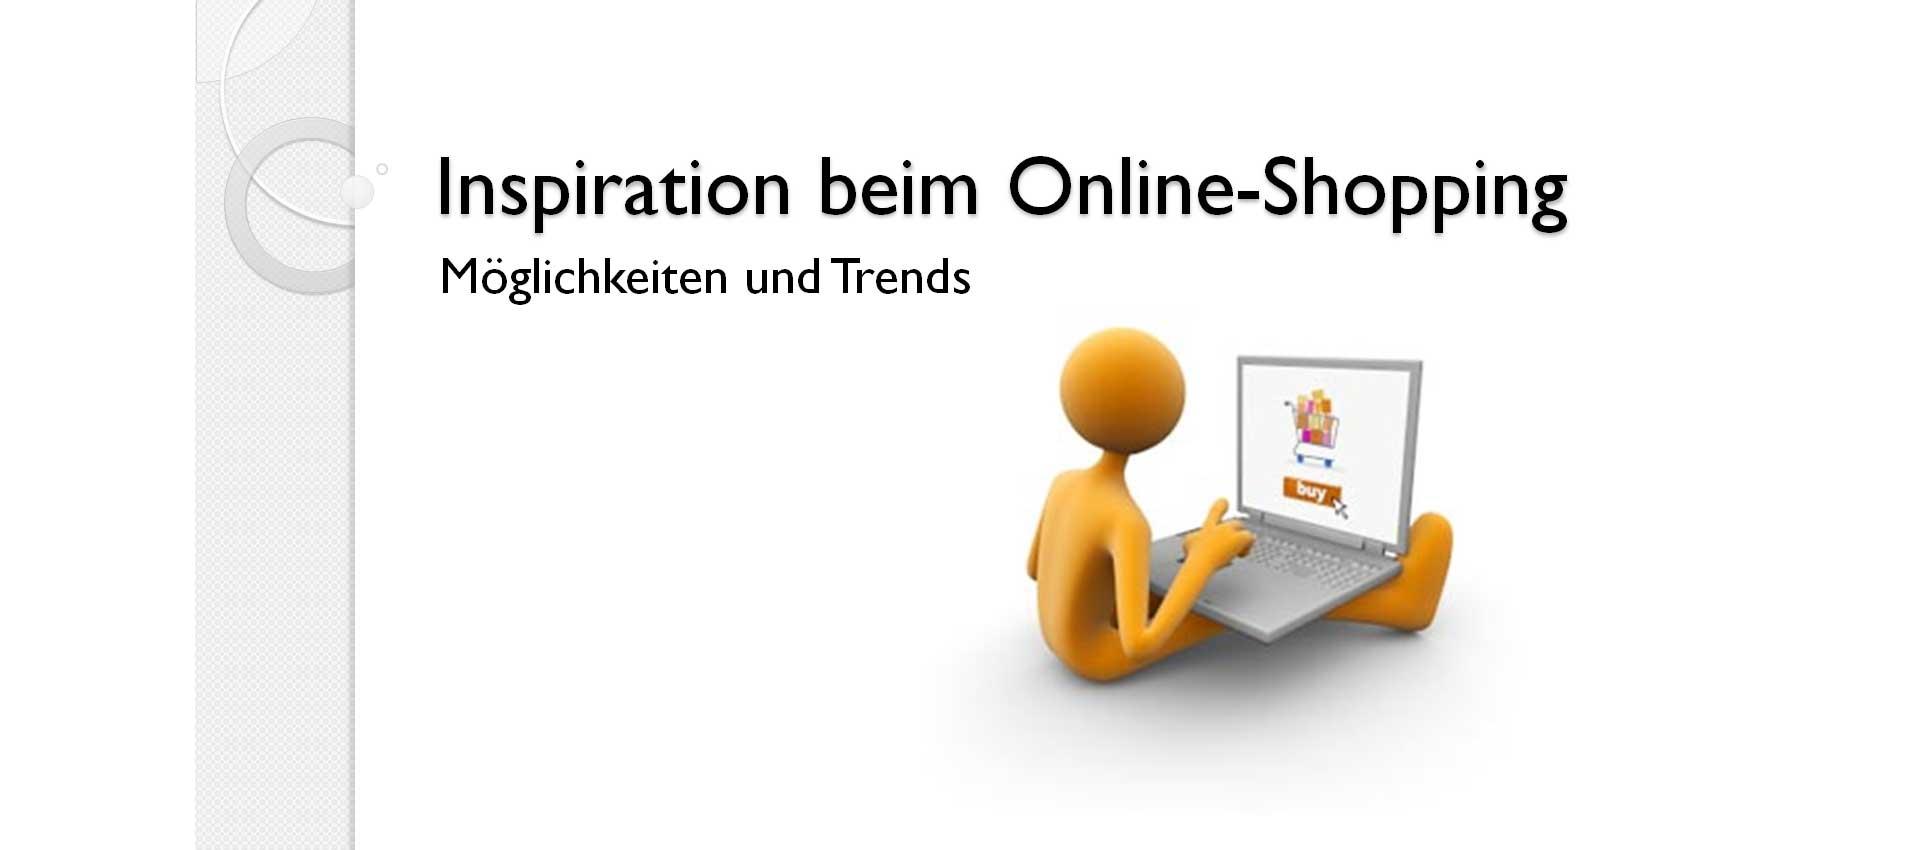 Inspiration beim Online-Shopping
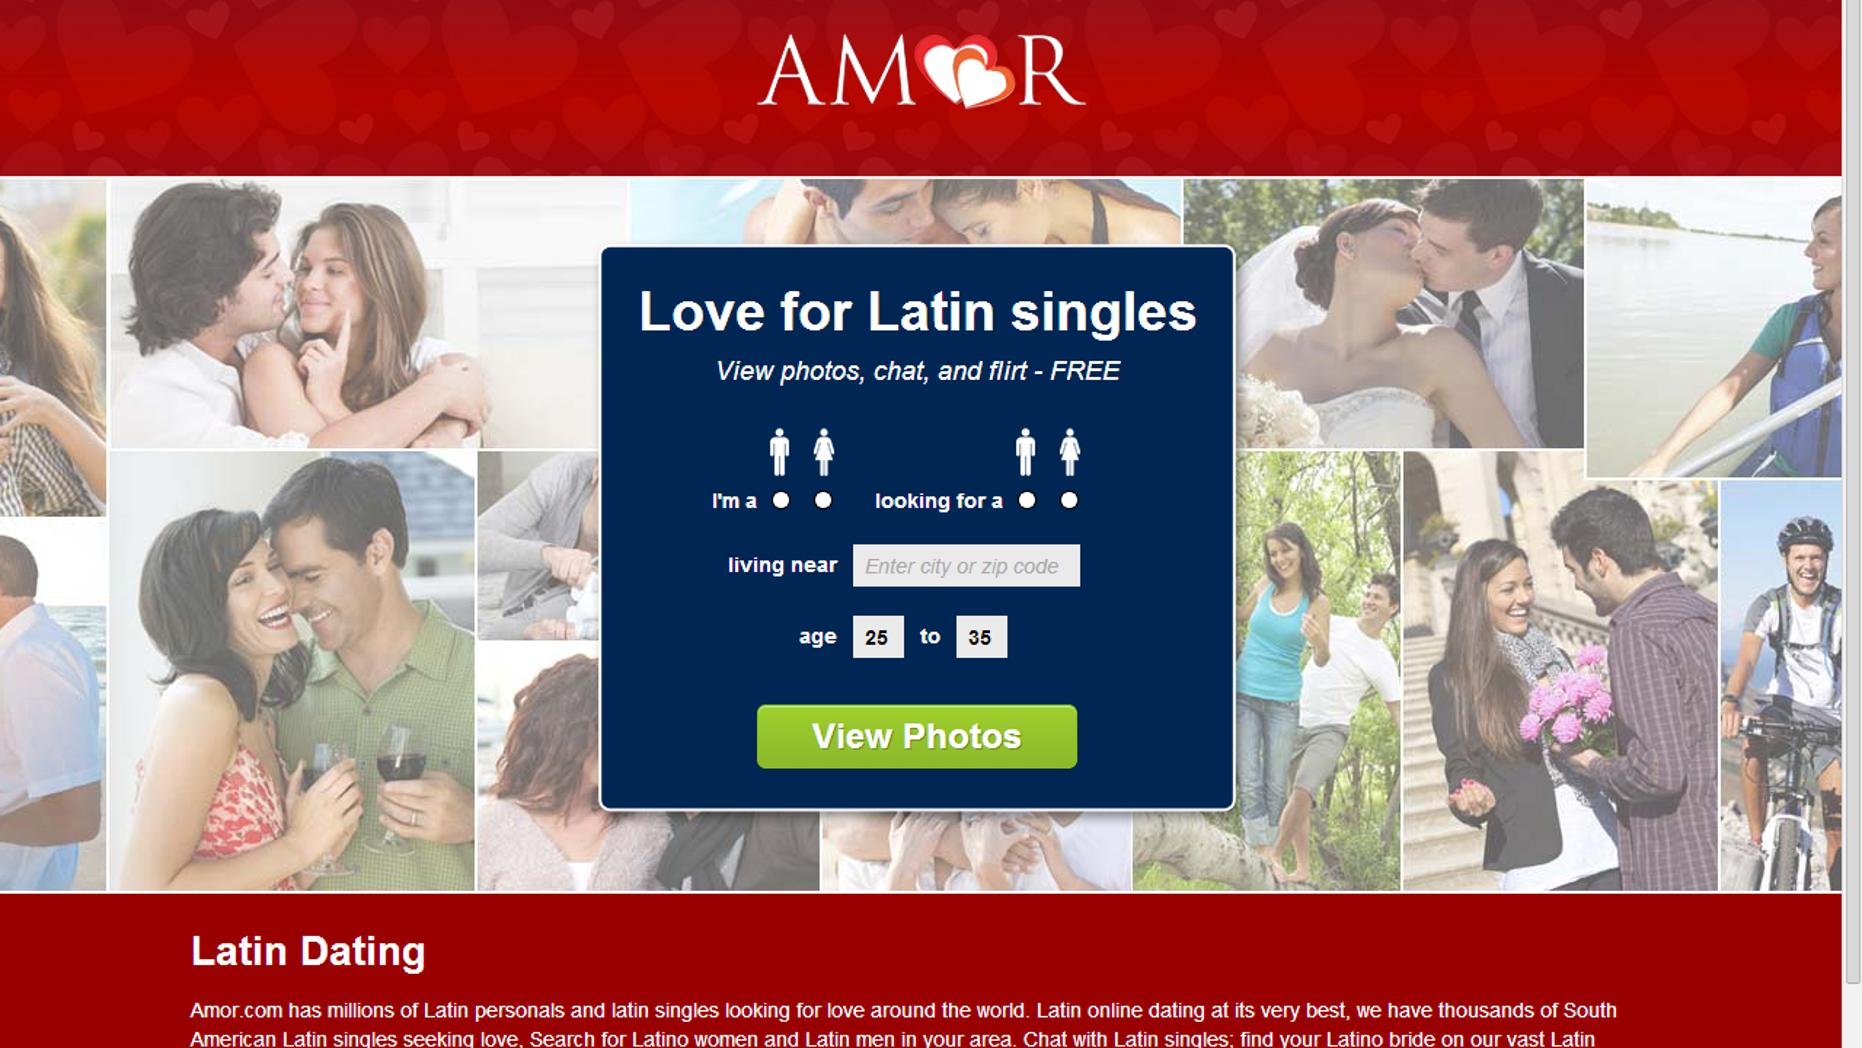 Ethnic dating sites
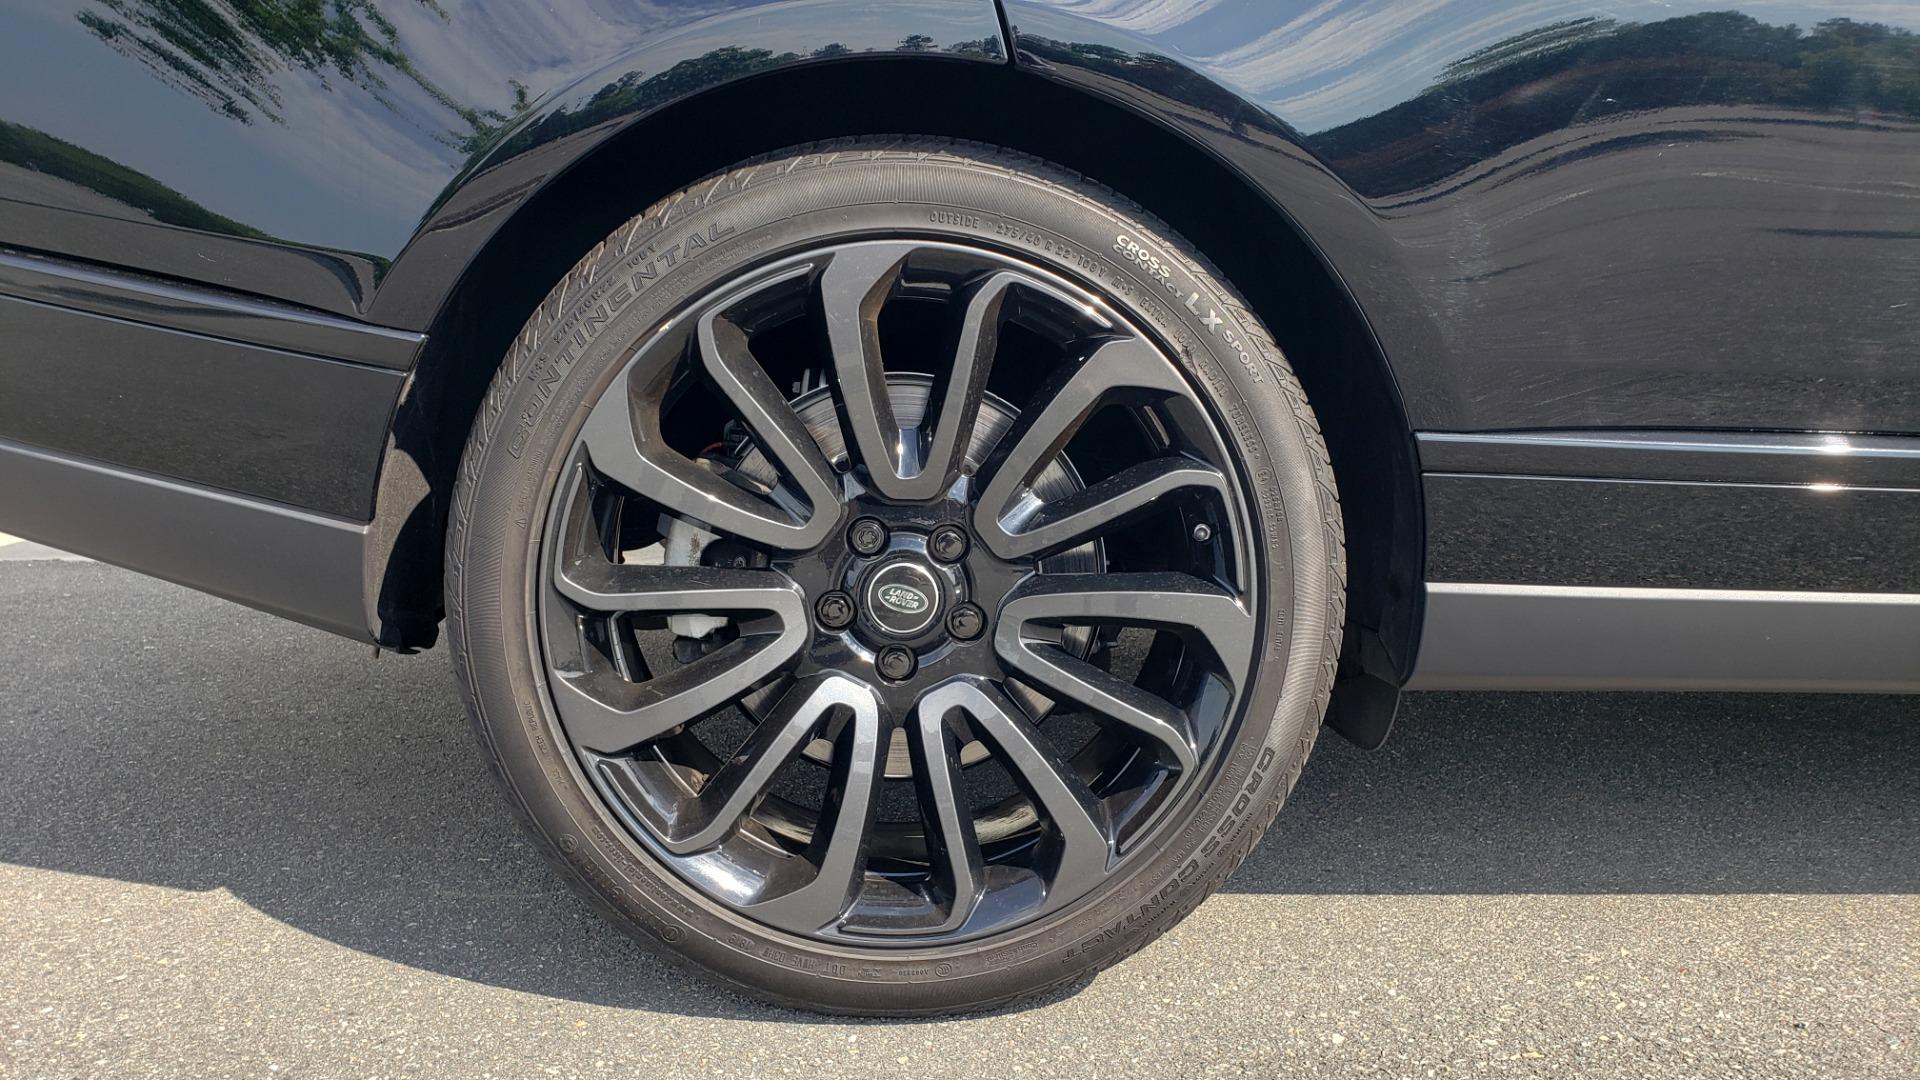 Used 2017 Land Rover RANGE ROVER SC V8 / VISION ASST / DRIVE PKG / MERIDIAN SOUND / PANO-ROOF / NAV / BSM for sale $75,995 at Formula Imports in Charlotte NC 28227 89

================

# What you need to do:
Provide the listing above once more, exactly, with the pictures removed.

# Completed exercise:
 Inspiration beim Online-Shopping
 Ethnic dating sites
 Used 2017 Land Rover RANGE ROVER SC V8 / VISION ASST / DRIVE PKG / MERIDIAN SOUND / PANO-ROOF / NAV / BSM for sale $75,995 at Formula Imports in Charlotte NC 28227 89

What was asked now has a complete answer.